_Activity_
Aim for an exact copy of the listing, without any images.

___ Recorded information

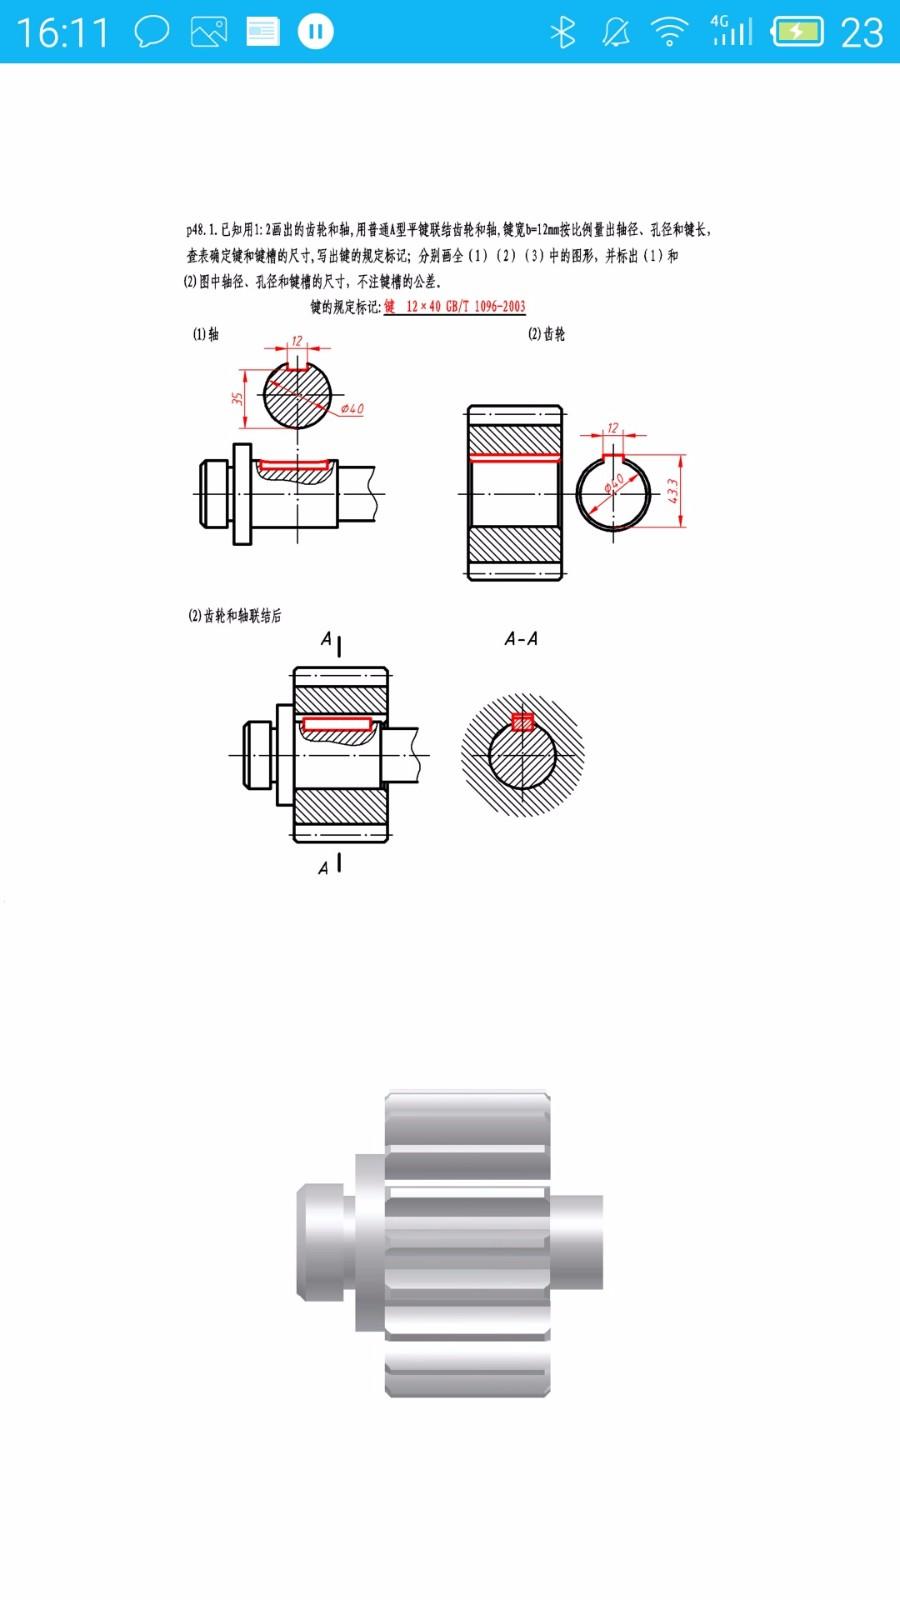 键槽的画法_如图,齿轮键槽的画法为何不一样,我不懂图二的画法,好像挖了个棱台
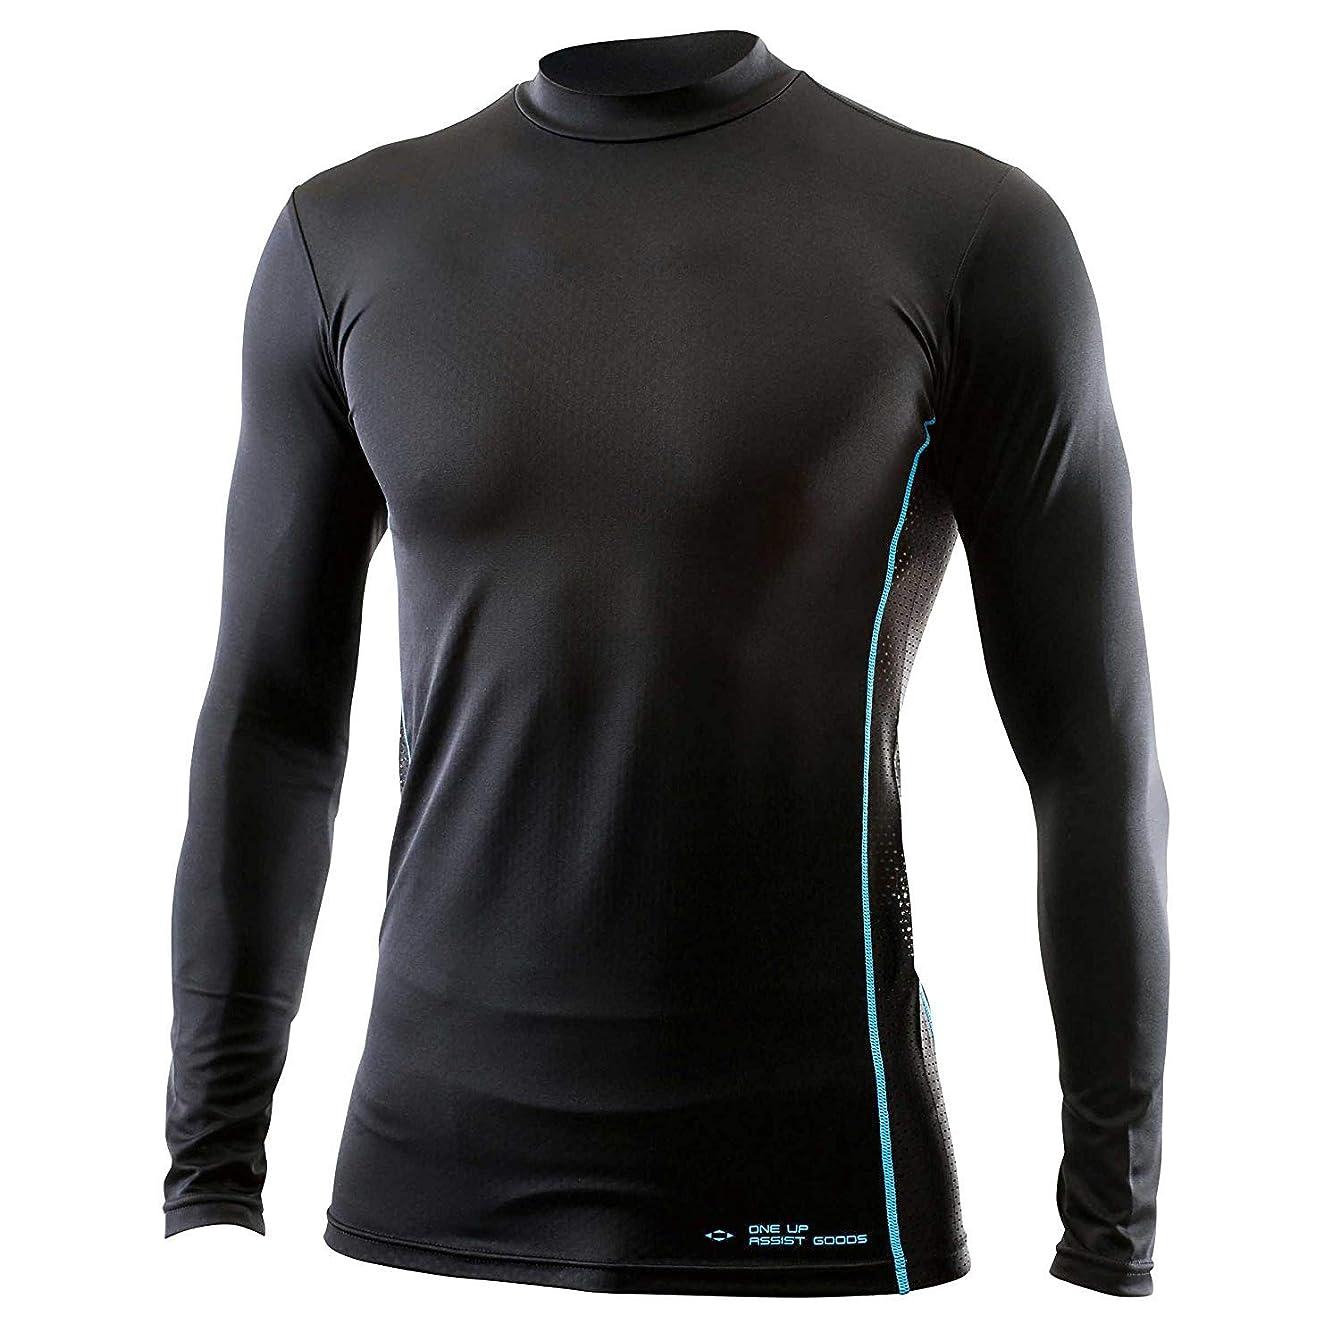 一月メロディーホースSK11 超クールウエア 冷感シャツ 長袖 ハイネック M ブラック 吸水速乾 抗菌 防臭 制菌 ワークサポート
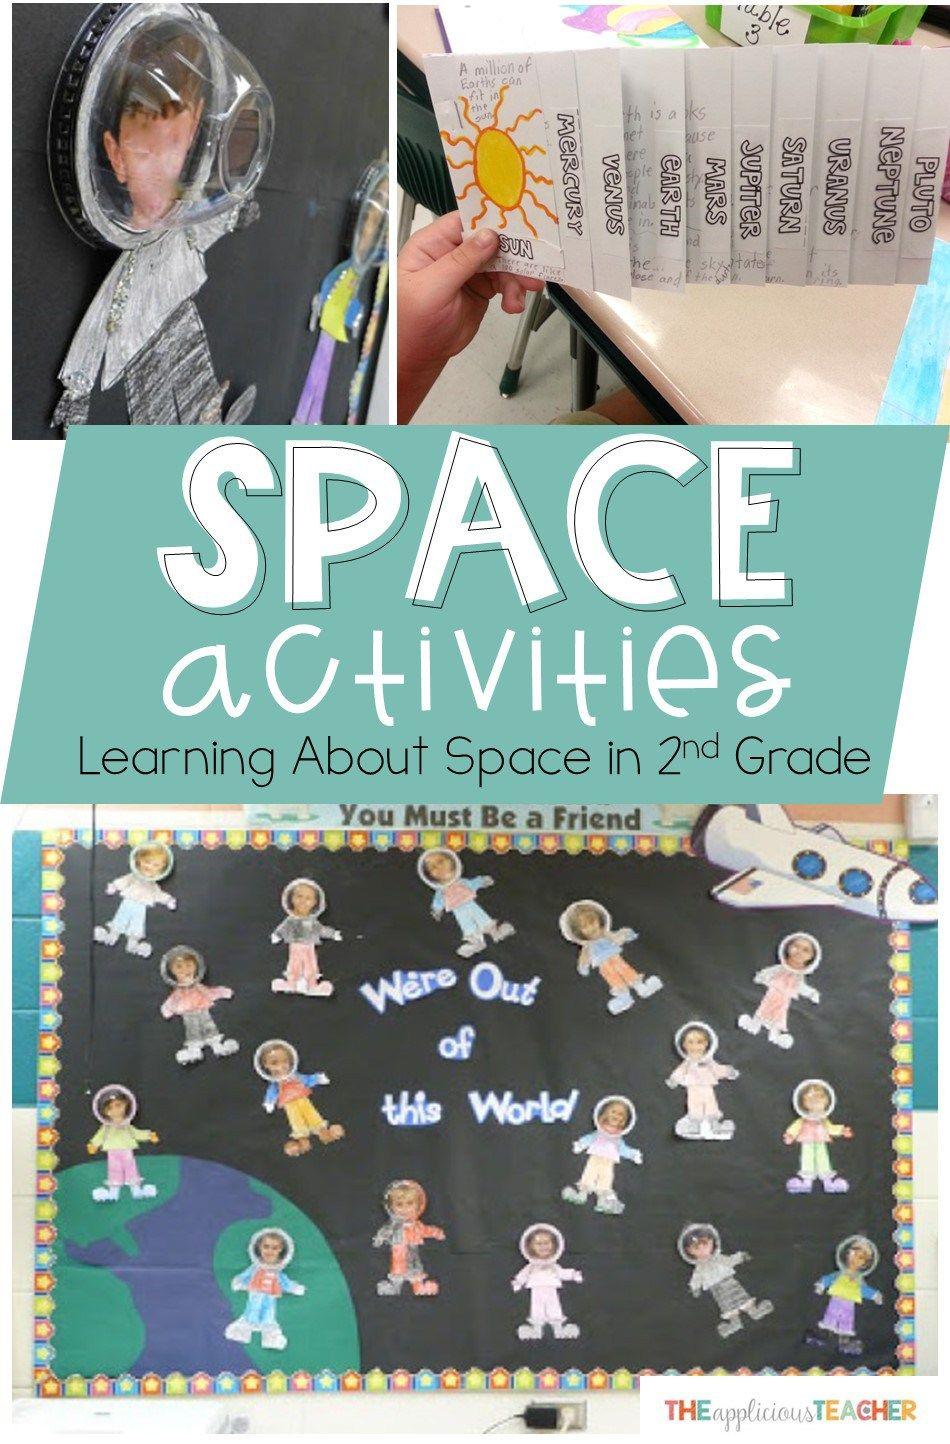 Space Activities for 2nd Grade   Space activities [ 1444 x 950 Pixel ]
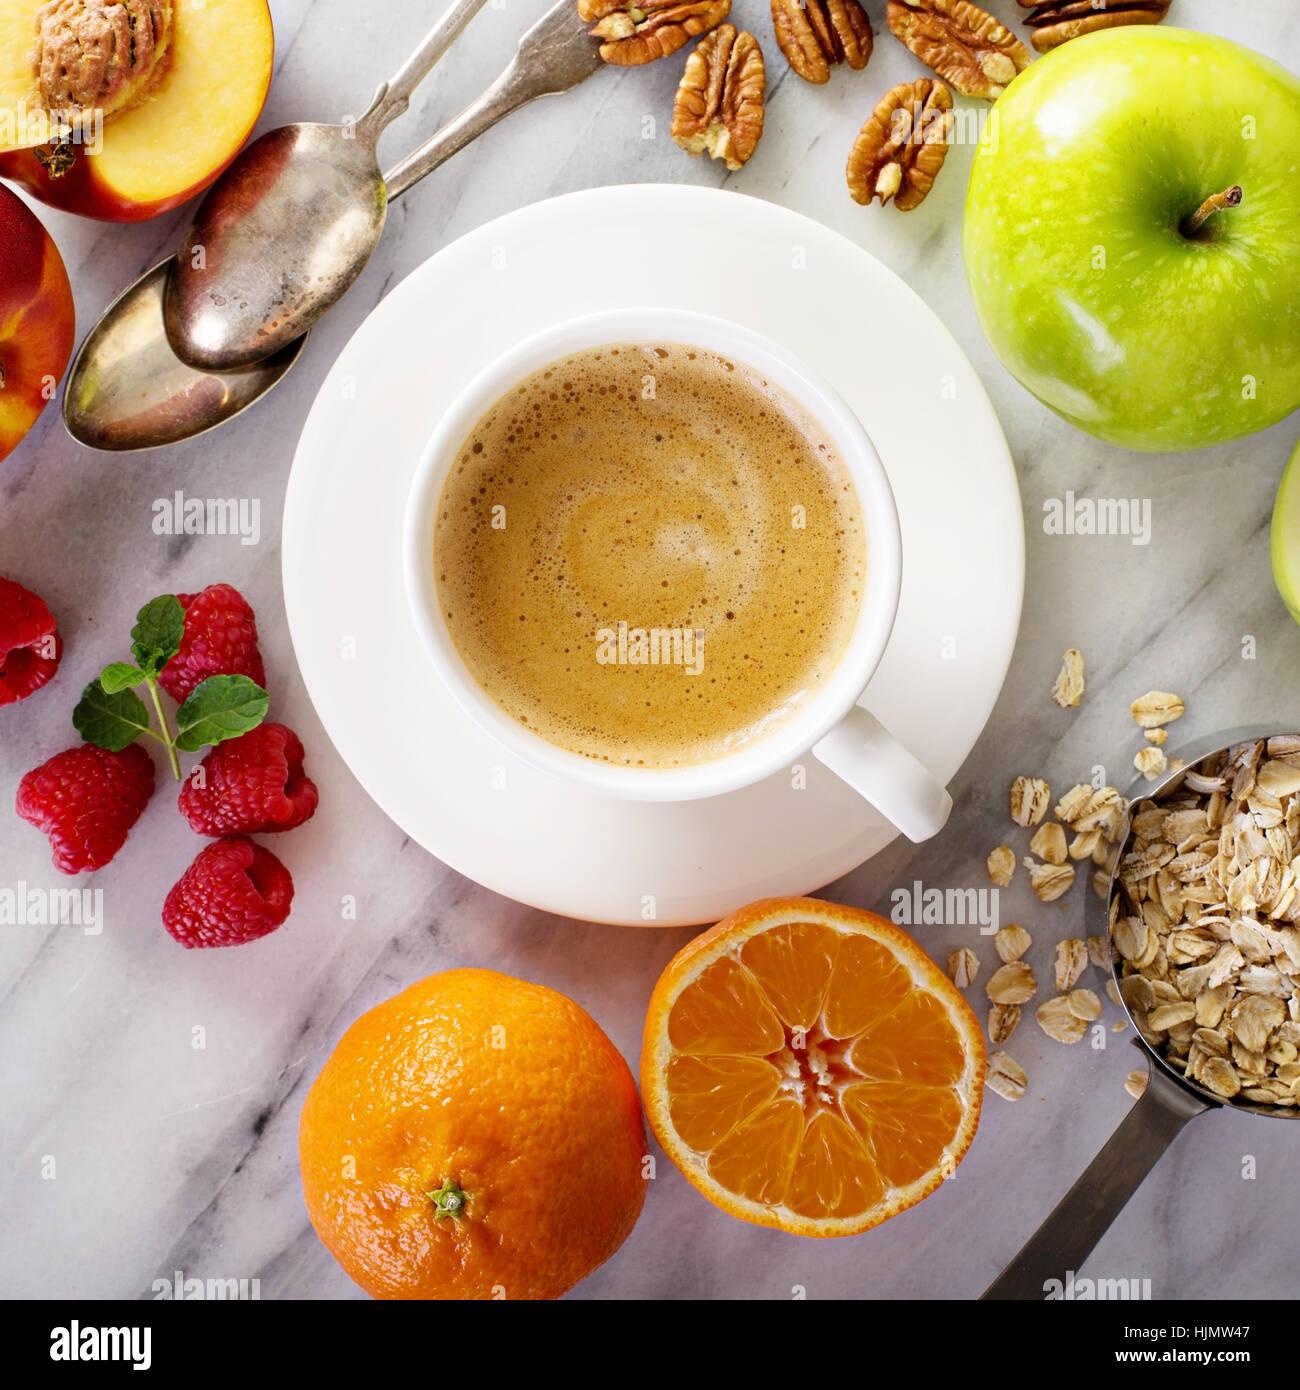 Les ingrédients du petit-déjeuner sain Photo Stock
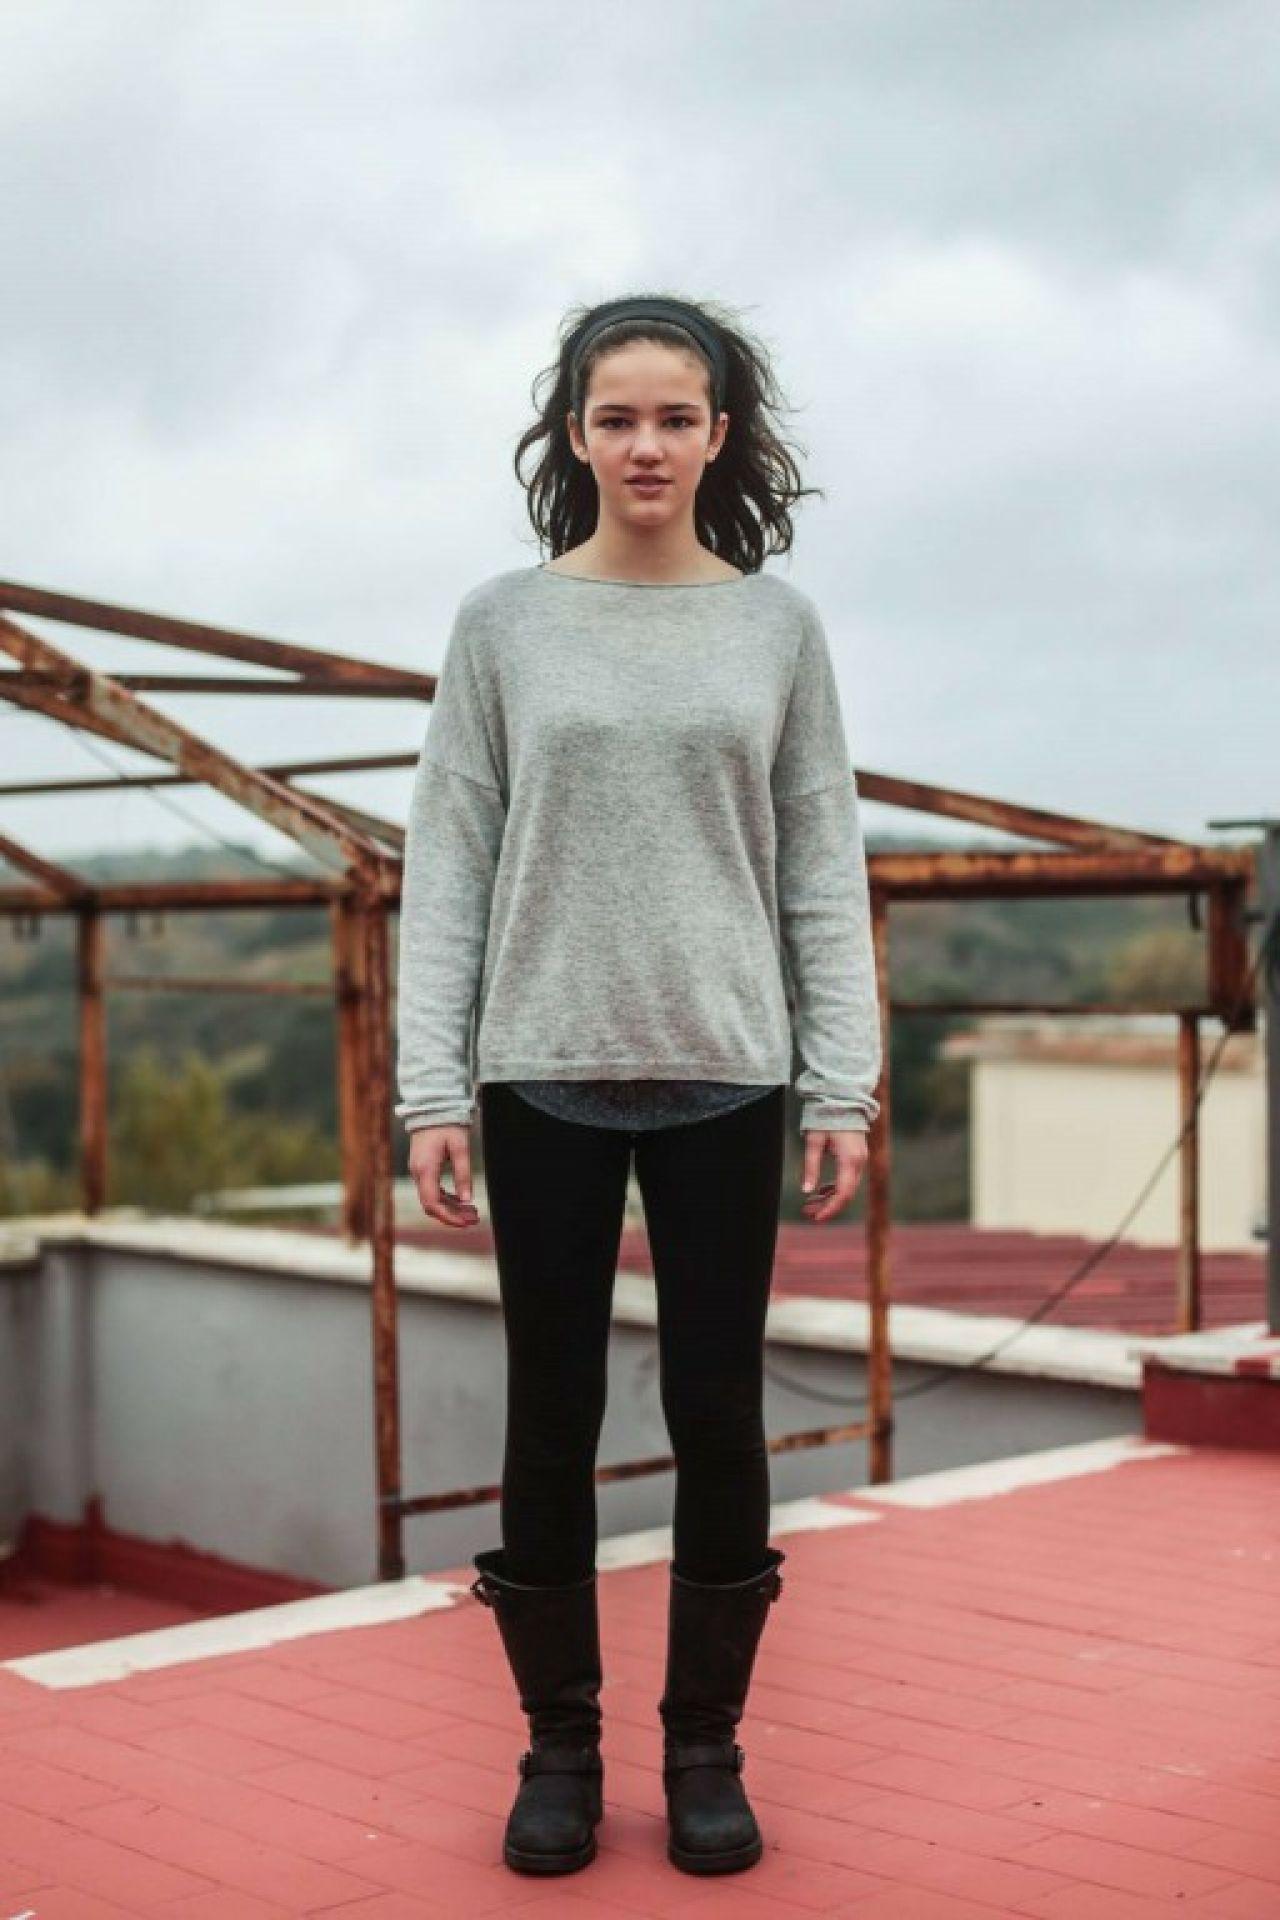 Emma Minichiello

______

_Output_
 键槽的画法_如图,齿轮键槽的画法为何不一样,我不懂图二的画法,好像挖了个棱台
 一月メロディーホースSK11 超クールウエア 冷感シャツ 長袖 ハイネック M ブラック 吸水速乾 抗菌 防臭 制菌 ワークサポート
 Space Activities for 2nd Grade   Space activities [ 1444 x 950 Pixel ]
 Les ingrédients du petit-déjeuner sain Photo Stock
 Emma Minichiello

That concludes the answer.